Lina’s Size Strong Story

326809_10100881183273470_1804841521_o (1)Hey Size-Strongers, I hope you all had a wonderful weekend. As we begin to share our thoughts with you on this blog, Emily and I want to share our backstories. Why? Backstories help you to better understand who we are, where we came from, why it is that we believe that the only size that matters is strong. So here goes my life story…

I was blessed to have an extremely healthy childhood. I was raised in a household devoid of sugar, salt, or any kind of processed or packaged foods. We juiced, we dehydrated, we composted – we were healthy before it was “in”. In fact, kids used to make fun of my lunch at school all the time. I had to constantly explain that my sandwich wasn’t moldy – it was just avocado and sprouts!

Even though I grew up in such a healthy household I had one big problem – I had a mean sweet tooth. Any chance I got to sneak some sort of sugary treat, I took! Because 90% of the time my family made sure I ate healthfully and because I was extremely active (dance, gymnastics, karate, etc.), I never suffered any consequences from my
sweet tooth.

Then… college happened! I started out my college career at age 17, 5’1” tall and 100 lbs. All of a sudden I had total control over what went into my mouth, and man did I get my fill of soft-serve, peanut butter, ramen noodles, and, of course, alcohol. Throughout the next three years I grew about an inch and gained 40 lbs. I was lost and unhappy. I didn’t understand why, after growing up thin, all of a sudden it was a constant struggle to manage my weight. I decided that my college was the culprit – the bad influence – so I moved from my school in the Illinois cornfields to NYC to pursue my acting dream. While there, I learned that it wasn’t about where I was, but what I was/wasn’t doing for myself. I slowly began to learn more about health and began the journey back to the healthy lifestyle I grew up with.

I finished college in May of 2010 and started my first job in the Best City in the WHOLE WORLD — Chicago. In entering the “real world,” I struggled with finding a work/social life/health balance. I was so tired from diving head first into my job and social life that fitness just felt like something that had to be done, and making healthful food and drink choices was such a challenge when I already had a full social calendarand traveling for work. I began to slip back into old habits and started to feel out of control again. I knew that I had to find a way to make healthful eating and fitness a PART of my life, rather than an obstacle in it. So I began to experiment with fitness protocols and nutritional programs. A little over a year of experimentation, led me to Barre Bee Fit (now The Barre Code), a Primal approach to nutrition, and an obsession with being strong.
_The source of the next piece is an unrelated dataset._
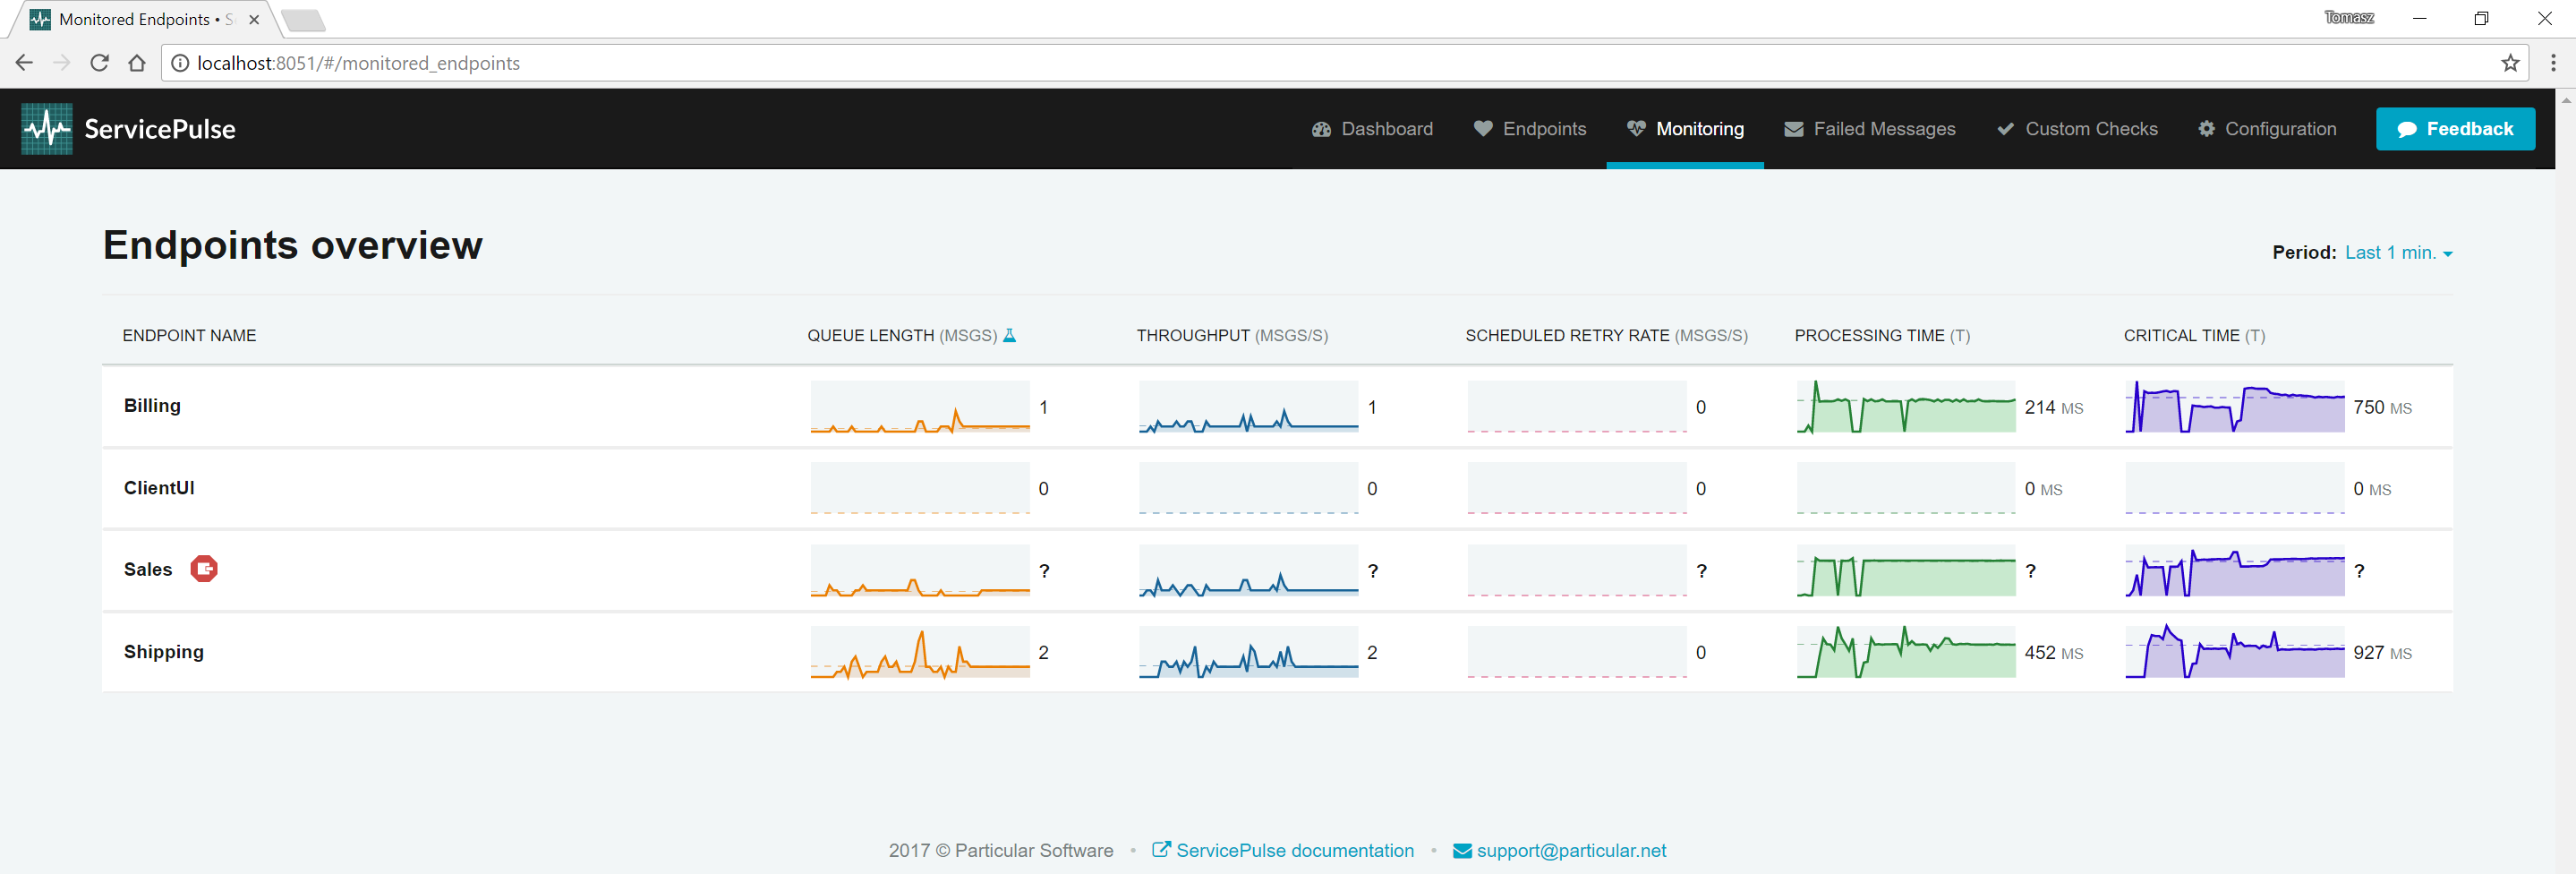 ServicePulse Monitoring tab showing the instance of Sales endpoint has stopped sending data

From August of 2011, my healthful lifestyle began to take shape. I started instructing group fitness classes, studying nutrition, and working on becoming stronger. I ran obstacle course races, started crossfitting, and burning out my muscles and my mind with barre work. I started feeling like an athlete. I started feeling like the type of person who could take on any challenge. I began to see myself as something more than a size 2 or an XS, or a weakling who needed to punish herself after a guilt-filled weekend. I became addicted to feeling strong and doing things that made me stronger. In pursuit of all things strong, I’ve attended multiple nutritional seminars, earned my Crossfit L1, a certification in Olympic Weightlifting through USAW, and began to box and study Krav Maga. I am always reading, researching, and trying to learn more about all things strength and wellness.
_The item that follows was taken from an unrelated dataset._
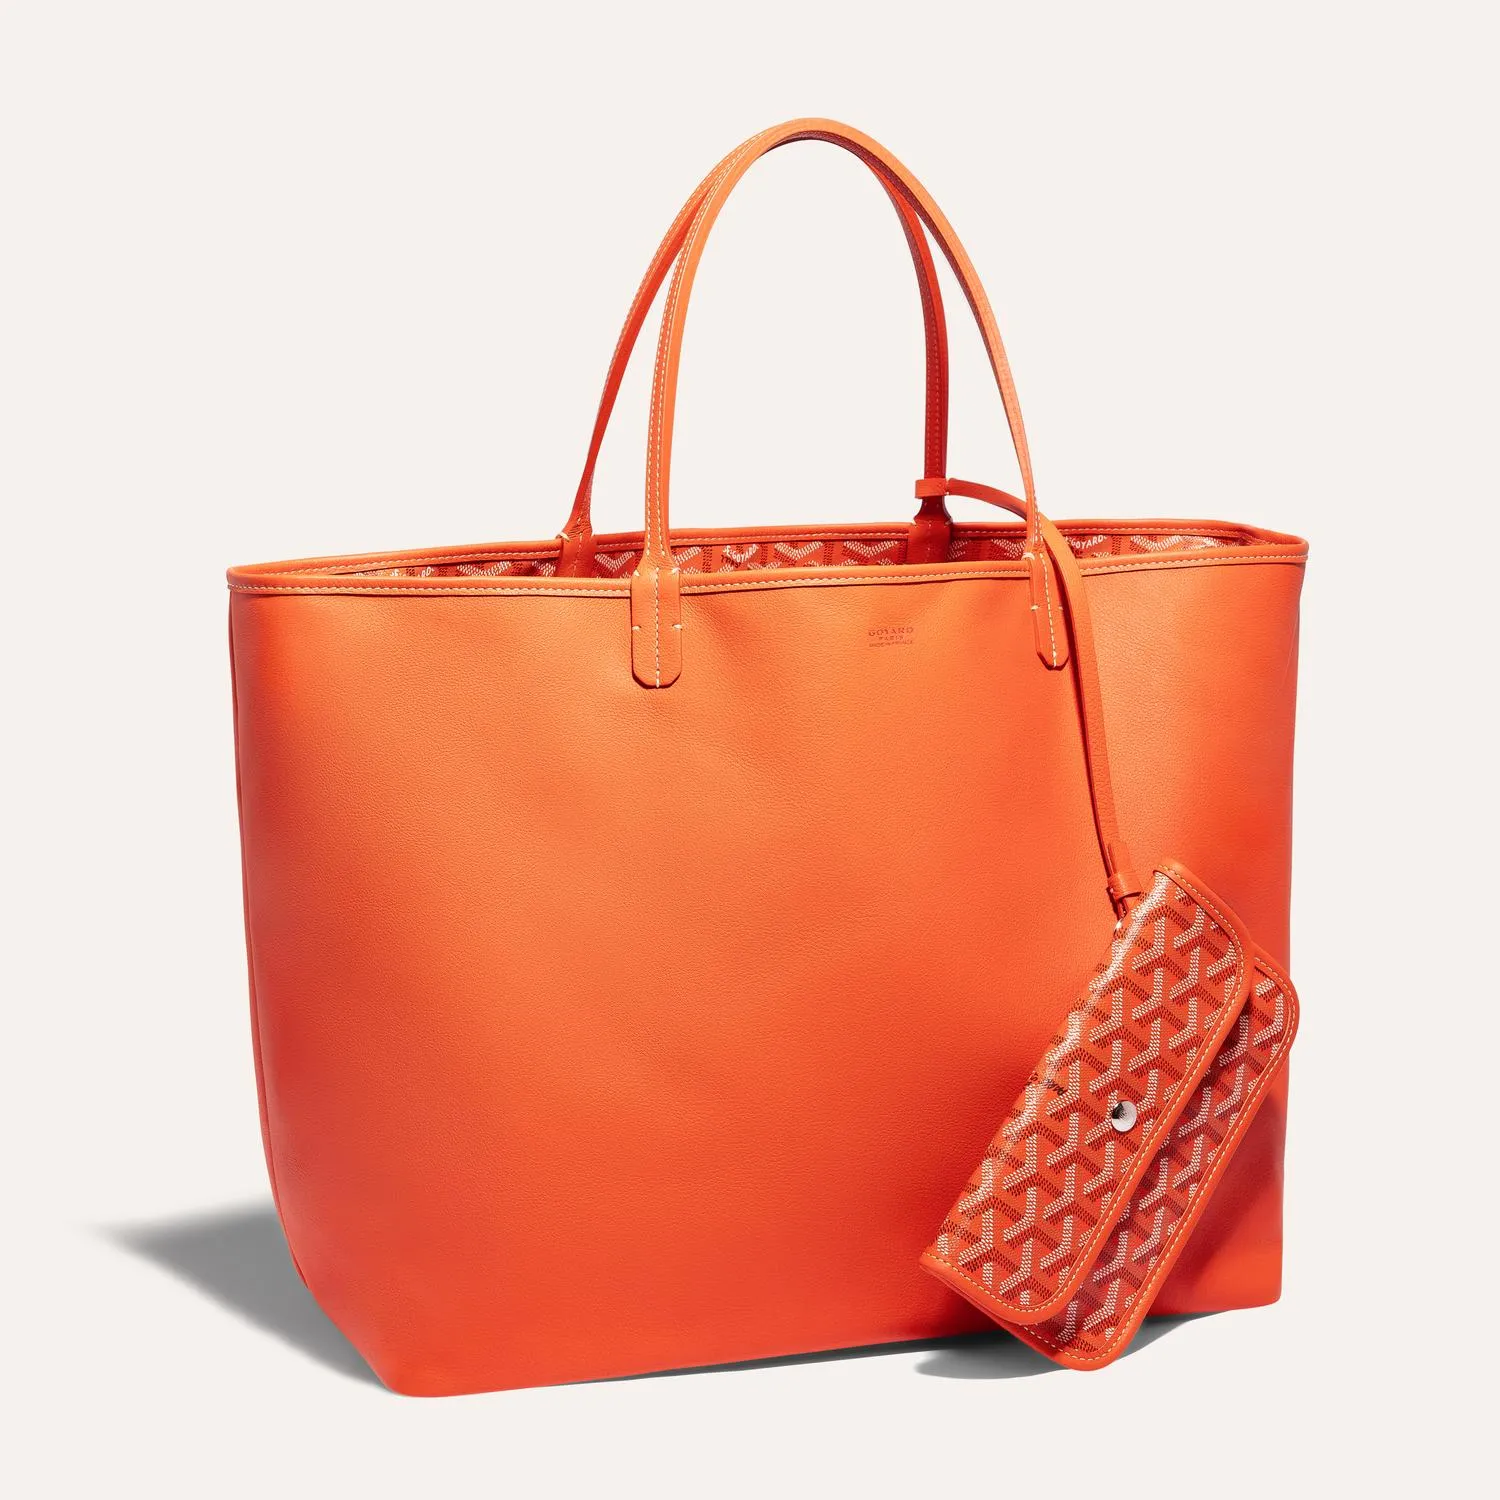 Maison Goyard - VIRTUOSO EMBROIDERIES Contrast and

Look, I know my story is long and it there is a lot more to it that I’ve left out, but the bottom line is this: I’ve hated how I’ve looked, I’ve been obsessed with numbers, overwhelmed by feelings of guilt, and have been so upset with my lack of willpower. Through my journey, I’ve found strength and now I understand that it’s all got to come from the inside, from a desire to become the best version of you, and you’ve got to start from a place of self-love and respect. This is what my whole life is about now. Not just for me, but for all of you. I write this blog, teach my classes, and work in the fitness industry because I believe that STRENGTH is beautiful, that POWER comes from the inside, and that you can’t build yourself up by tearing yourself to pieces. I am Size Strong, and I want YOU to be Size Strong too!

One thought on “Lina’s Size Strong Story

  1. Ana McKessy says:

    The beauty is definitely in the battle — not just to be fit but also to find that inner peace — and you got there! I think we can all relate to your story!! It’s inspirational and relatable! Keep up the good work!